— Встретить?
— То мой любимый сон. Когда я была девочкой, ложась спать, твердила себе: приснись, приснись…
— И получалось?
— Мама крестила меня, гасила свет и уходила, а я закрывала глаза, дышать старалась тихо-тихо, и незаметно начинался сон — не то сон, не то грезы…
Он подождал немного и спросил:
— Тебе не страшно рассказать его?
— Немножко: ты узнаешь, какая я… Но я хочу, чтобы ты знал… Все мы, поляки, мечтатели. — Она замолчала, вздохнула, улыбнулась чему-то своему…
— Когда я поступила в педагогический институт, — продолжала она, — началась совсем другая жизнь. Часто на хлеб не хватало, но мы, студенты, не унывали… Собирались, спорили, читали вслух. Я познакомилась с Анджеем. Он брал меня с собой на рабочие собрания. Я многое поняла тогда и сама стала вести работу в профсоюзе железнодорожников. Мы с Анджеем начали изучать русский язык, мечтали приехать в Советский Союз… И детский сон мой снился все реже и реже. Но все равно — я любила его. За всю войну он ни разу не приснился, а теперь приснился… — Она опять замолчала.
Борис закрыл глаза. Он слушал ее голос, и ему казалось, что он идет откуда-то издалека. Приближается, останавливается как бы в раздумье и снова идет. И ни слова, а ее голос говорил ему, когда шаги ее замедлялись и когда она останавливалась, а потом делала шаг, и еще один, и еще…
Борис слушал ее голос и ждал, когда она придет к нему. А ведь еще несколько минут назад, увидев, как она спала, беззащитная и счастливая в своей беззащитности, он думал, что она вся открылась ему — вся, до самой последней капельки.

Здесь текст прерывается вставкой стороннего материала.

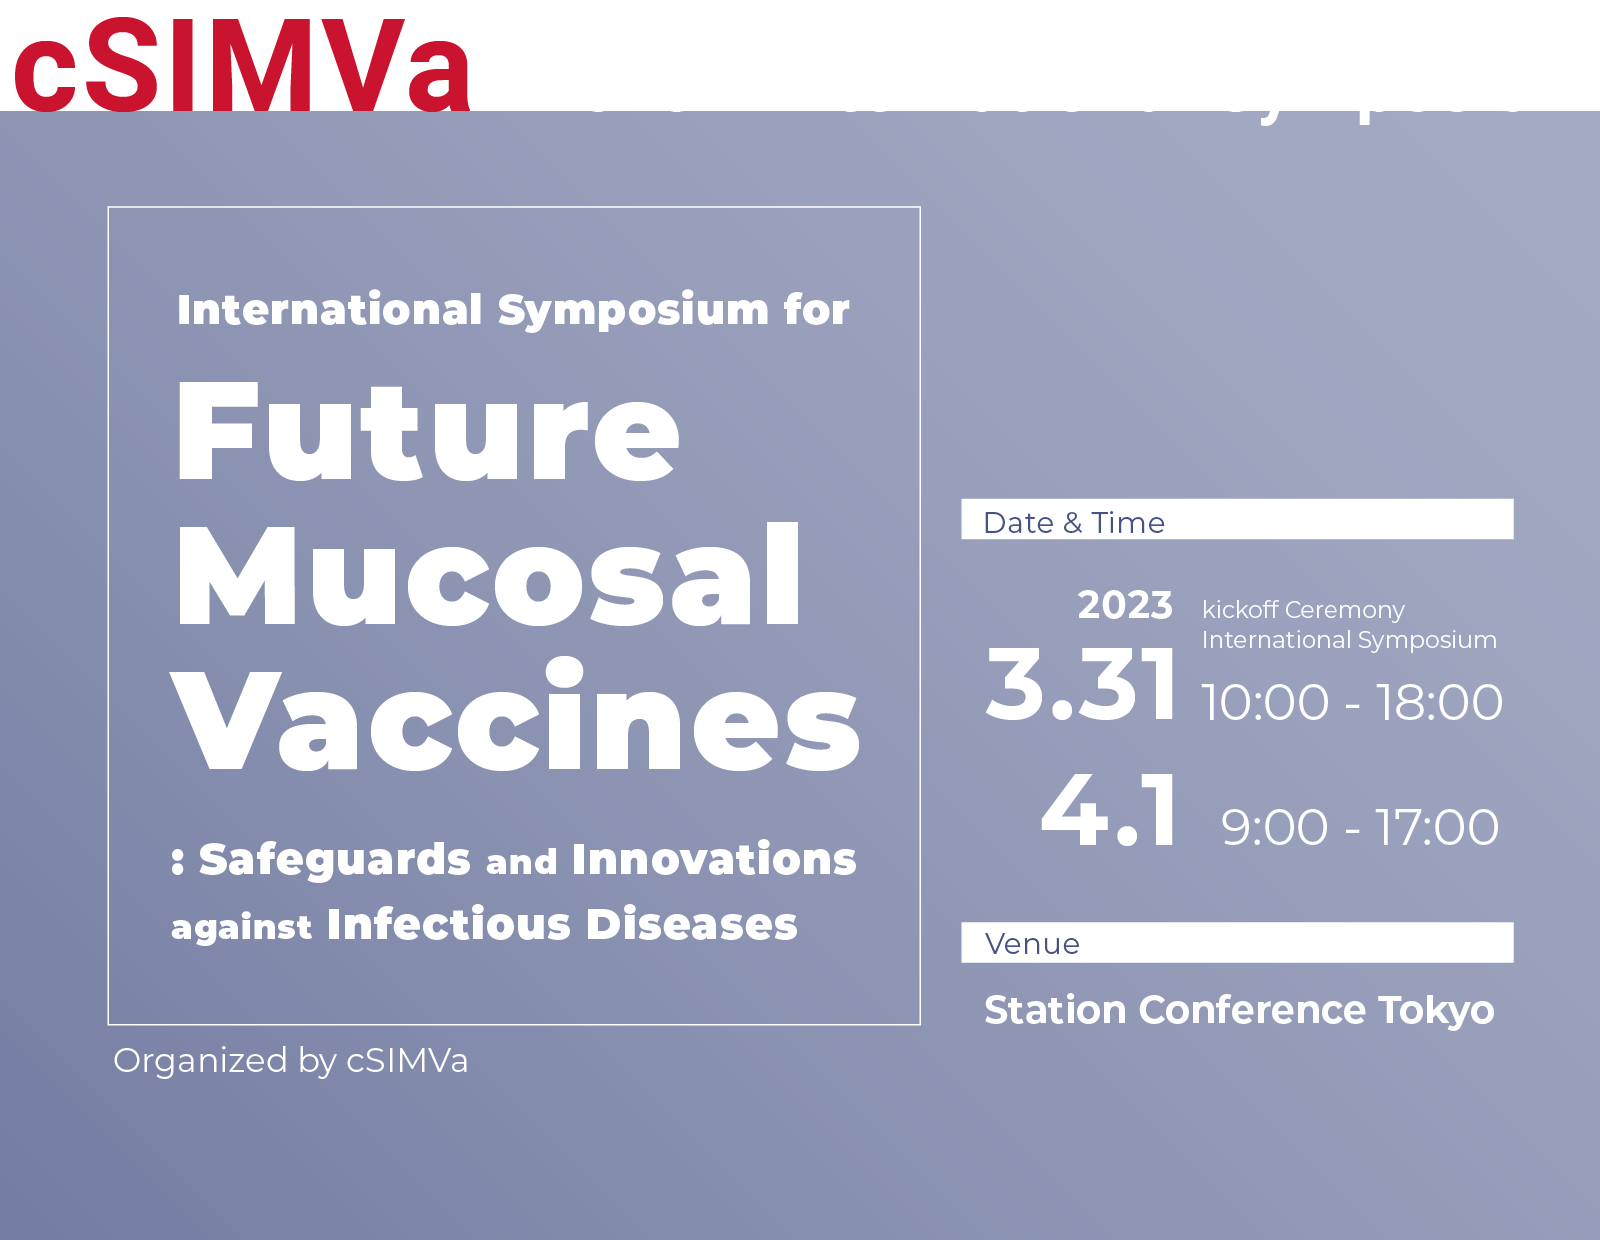 Future Mucosal Vaccines

— Вот видишь, — улыбнулась Анна, — хочу рассказать сон, а получается про всю мою жизнь.
Это она остановилась. Сделала шаг и остановилась. Борис попробовал помочь ей:
— Доберемся и до сна, правда?
— Правда, правда…
Ей вдруг вспомнился отец — его худое, изможденное лицо с рыжеватой бородкой, глубоко запавшие глаза. «Прости меня, я загубил твою жизнь», — его прерывающийся голос, когда он говорил это матери. Бедный отец… Гордый, вспыльчивый, талантливый — и неудачливый во всем. Больше жизни он любил маму, мечтал о главе ради нее, а стал маленьким почтовым чиновником. До конца дней отец не мог смириться с этим и страдал от бессилия. Одна мысль, что он загубил мамину жизнь, могла свести его в могилу. Если бы Борис узнал его жизнь, он понял бы многое…

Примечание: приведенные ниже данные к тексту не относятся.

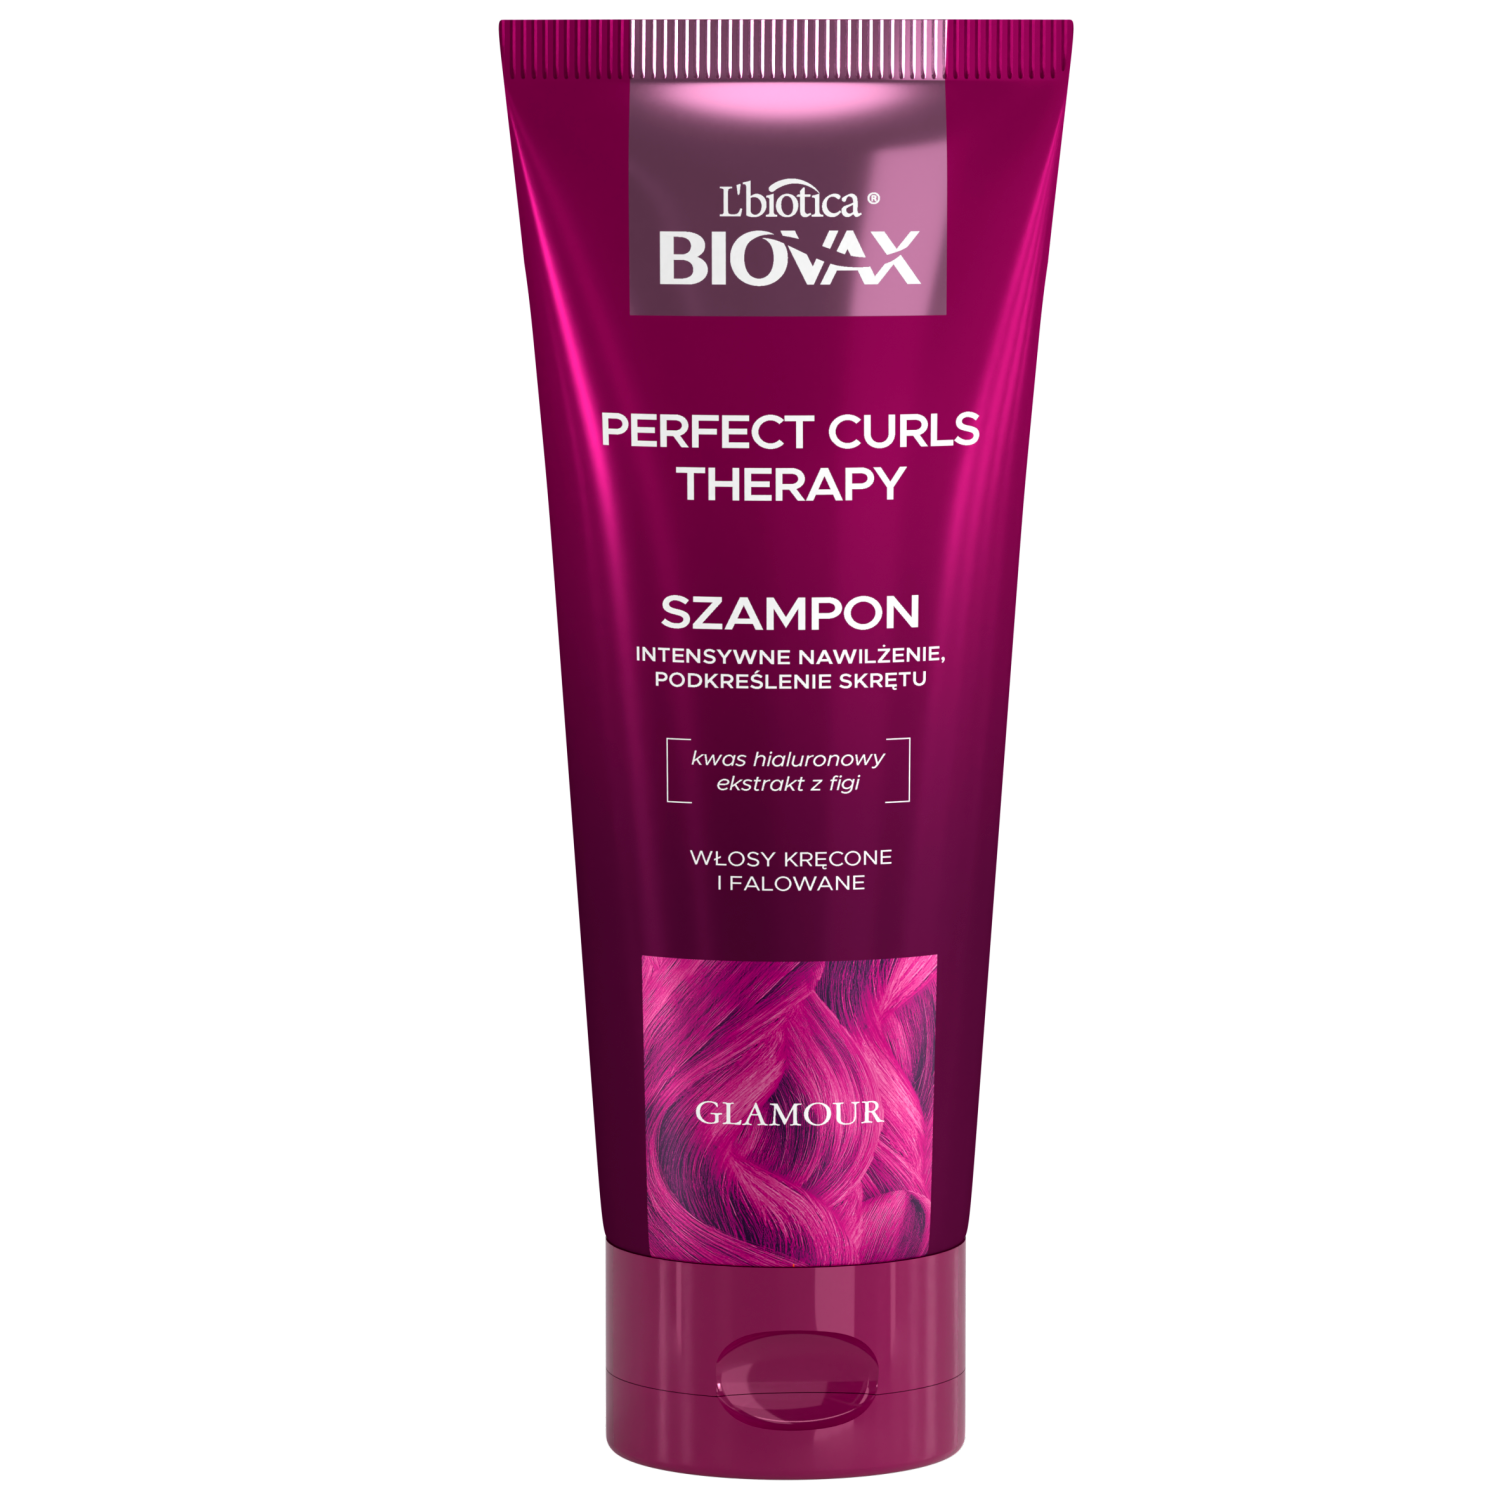 Увлажняющий шампунь для вьющихся волос Biovax Glamour Perfect Curls Therapy, 200 мл

— Мы жили бедно, — сказала Анна. — Очень бедно, на пятом этаже, под самой крышей, в маленькой квартирке. У нас в передней всегда чуть-чуть пахло нафталином, потому что мама доставала из большого сундука, который стоял под вешалкой, разные вещи и перетряхивала их, а что-то откладывала и несла в заклад. Сундук этот достался нам в наследство от бабушки. Мне казалось, что он волшебный, без дна, — мама только и делала, что вынимала оттуда то шаль, то кружевную мантилью, вздыхала и уходила со свертком…
Анна представила себе эту переднюю, обклеенную синими обоями, висячую лампу с белым стеклянным абажуром, похожим на остроконечную китайскую шляпу, и слева от двери под вешалкой, в углублении, низенький и широкий сундук, покрытый старым ковром. И опять будто почувствовала этот слабый запах нафталина…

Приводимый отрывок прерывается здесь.